Meet the brains behind McGill’s mind-controlled wheelchair

McGill students build a brain-powered wheelchair in just 30 days
From left to right: Jenisha Patel, Claudia Leung, Anna Brandenberger, Simon Tartakovsky, Danielle Nadin, Marley Xiong and Raffi Hotter at the Milo demonstration at Google offices last week

Marley Xiong and Jenisha Patel wanted to do a project together – any project.

“Well, as long as it involved brain computer interfaces,” said Xiong.

Naturally.

So, they did, with help from 30+ McGill NeuroTech friends and associates, students in the Engineering, Arts and Science faculties.

Their brainchild, a smart wheelchair dubbed Milo, was born a mere 30 days later – Milo for mind-controlled locomotive. The project was their submission to the NeuroTechX student competition launched in February.

“One day it was just Jenisha and I throwing ideas around,” said Xiong, a 21-year-old student in Biology and Computer Science. “One week later, on Feb. 24, we got a team together. In the space of seven days, we became this group of 35 people, and we spent time thinking about what to build.

“On March 1, we got the [hardware, a stripped-down] wheelchair, and on March 31, we filmed the demo” with the finished product, a wheelchair controlled by electroencephalography – electrical brain activity – designed to provide more autonomy for people with severe disabilities, like paralysis.

“On the 31st, we woke up at 7 am hoping to God it would work,” said Xiong. “And it did. The last thing I expected was for the wheelchair to work.”

Not because she is a pessimist, but because of the logistical feat of putting together a complex futuristic machine like that from scratch in a month.

This is not the first time such a device has been built but it is an impressive achievement given the time-frame and the group’s collective experience.

Brain power

The chair’s movements are controlled by information it receives from the brain, said Raffi Hotter, a 19-year-old Math and Computer Science student. Four electrodes are connected to the back of the person’s head and brain waves – signals – send commands to the wheelchair to turn left or right.
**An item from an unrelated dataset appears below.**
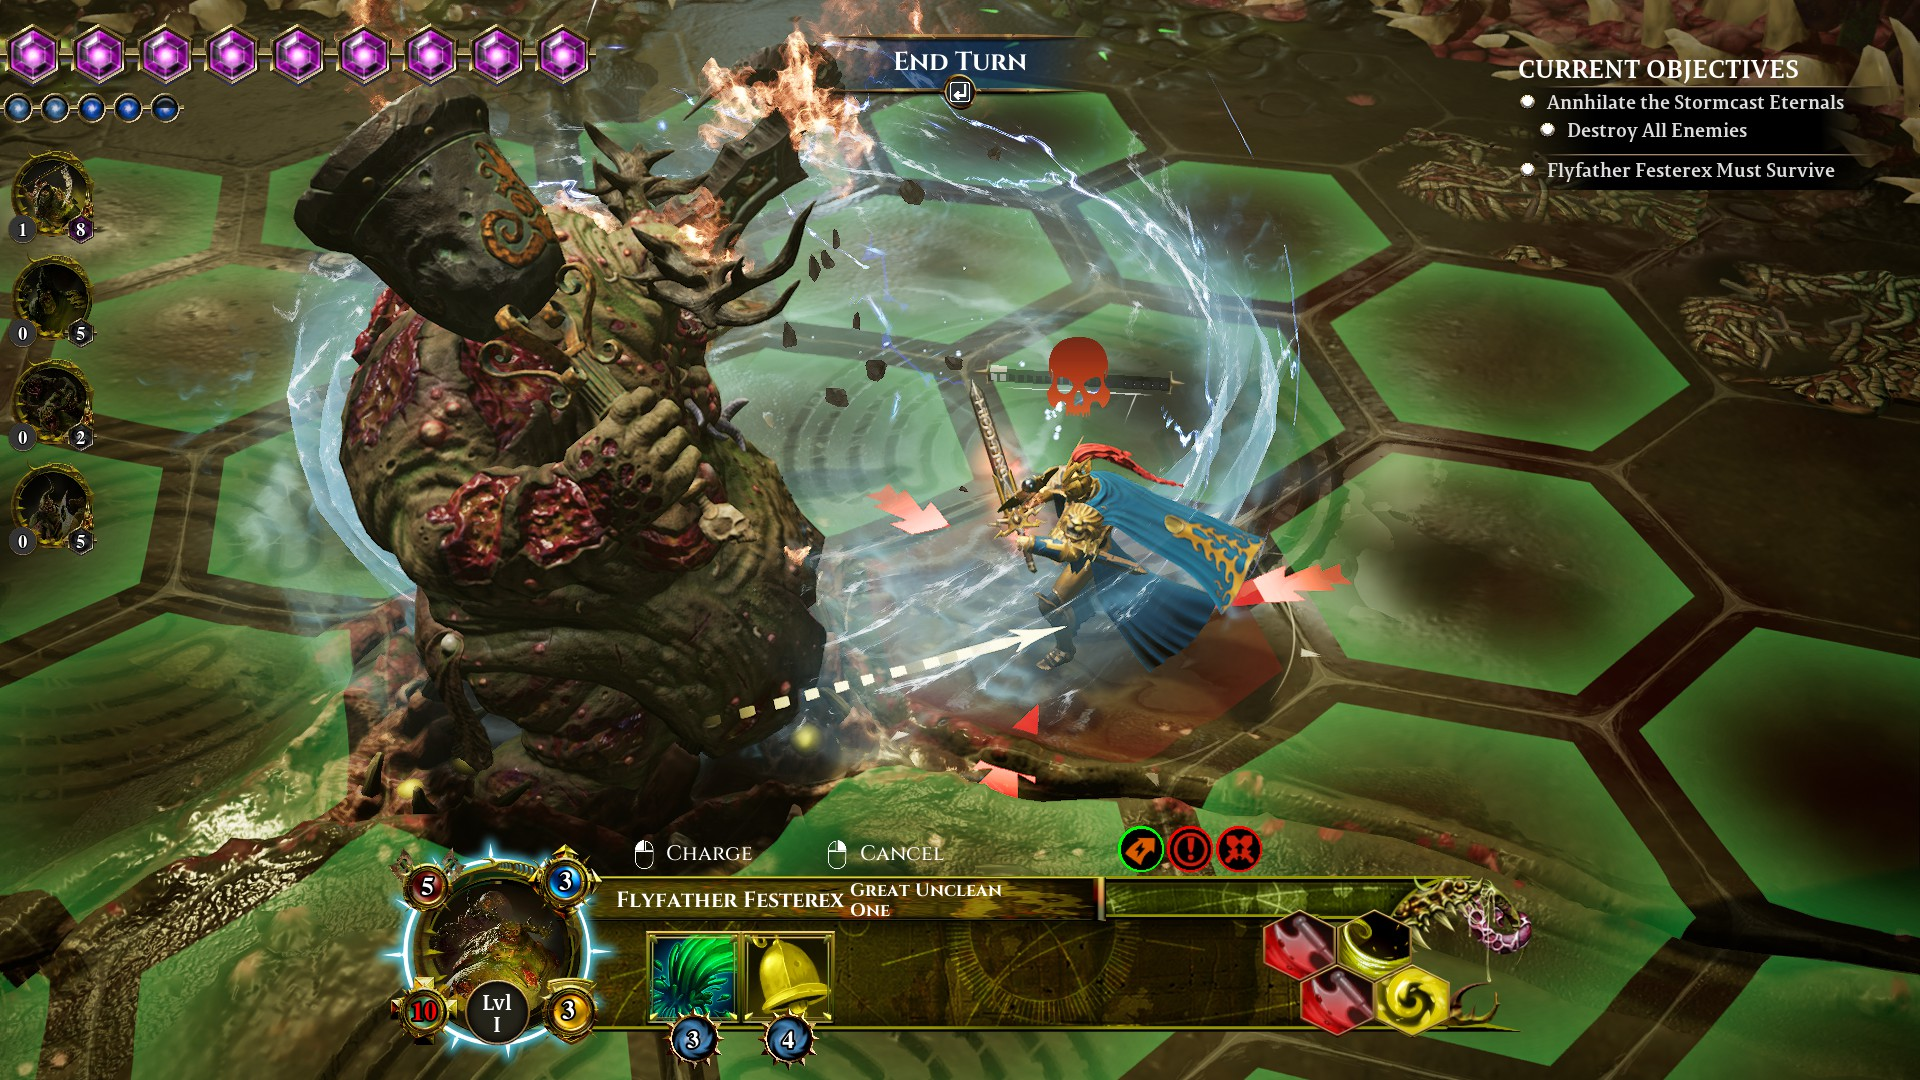 warhammer-age-of-sigmar-storm-ground-pc-screenshot-2

Sensors also detect people and obstacles and make the chair react accordingly by stopping, slowing or turning.

Hotter had the initial task of designing the software, while Xiong developed the algorithms for detecting thought patterns.
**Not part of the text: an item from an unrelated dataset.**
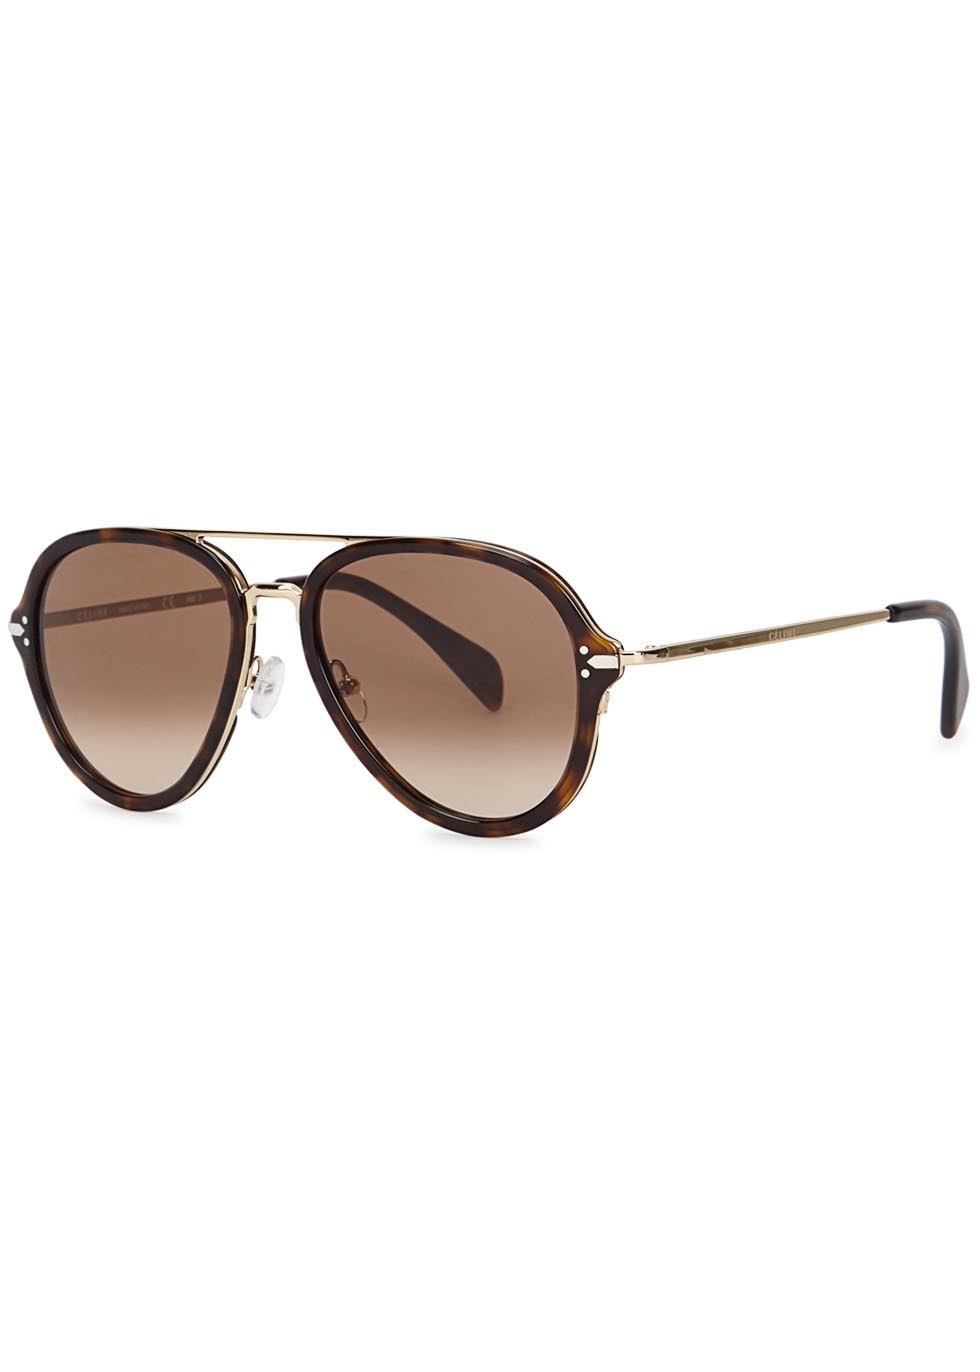 Drop tortoiseshell aviator-style sunglasses - Celine

Wheelchair bound persons clenching their jaw makes the machine move forward or stop.

“But also if the person is imagining moving left – just by imagining, we’re able to get a signal which makes the wheelchair turn left.”

“We got them imagining moving their right hand or left hand – what someone thinking left or right looks like in terms of the brain signal – and created a whole software suite from that,” said Hotter.

“We fed that info into an algorithm which was constructed so that we can tell it ‘Look, this data corresponds to the person thinking left or right.’ The algorithm is then able to come up with some representation of what turning left means in the brain.”

In short, it translates a thought pattern into a physical action.

“That’s pretty cool,” said Xiong. “We love watching it work.”

“It’s almost science fiction,” Hotter said.

Xiong said that “you can’t simply imagine an apple or coffee and emit a specific wave. But with motor imagery, it’s different. It’s a very robust signal.”

Translating thoughts into physical commands

Typically, a project of this magnitude would take several months, said Hotter, who added features like sending a text message and providing a precise location to the wheelchair person’s caregiver in case of high stress.

“So many things could have gone wrong,” said Xiong. “First, the wheelchair has to do whatever the software tells it to do; the software has to apply the data in a regulated way, so it has to be good; the electrodes have to be attached correctly; and finally, given that all this works, the brain has to work.”

In addition to overseeing the whole project as team leader, Xiong led the machine learning team, which was in charge of translating thought patterns to a physical command.

“It was genuinely an average of 50 hours a week,” said Xiong. “To be honest, I didn’t go to classes because of the project.”

The team presented the wheelchair at Google last week. And McGill professors have expressed interest in a collaboration to do further empirical research in connection with the wheelchair.

“It was just a great culture within the team,” said Xiong. “This was a project we had complete ownership of. If you don’t learn, there’s no project. You’re forced into this new learning environment. That’s what made it so much fun.”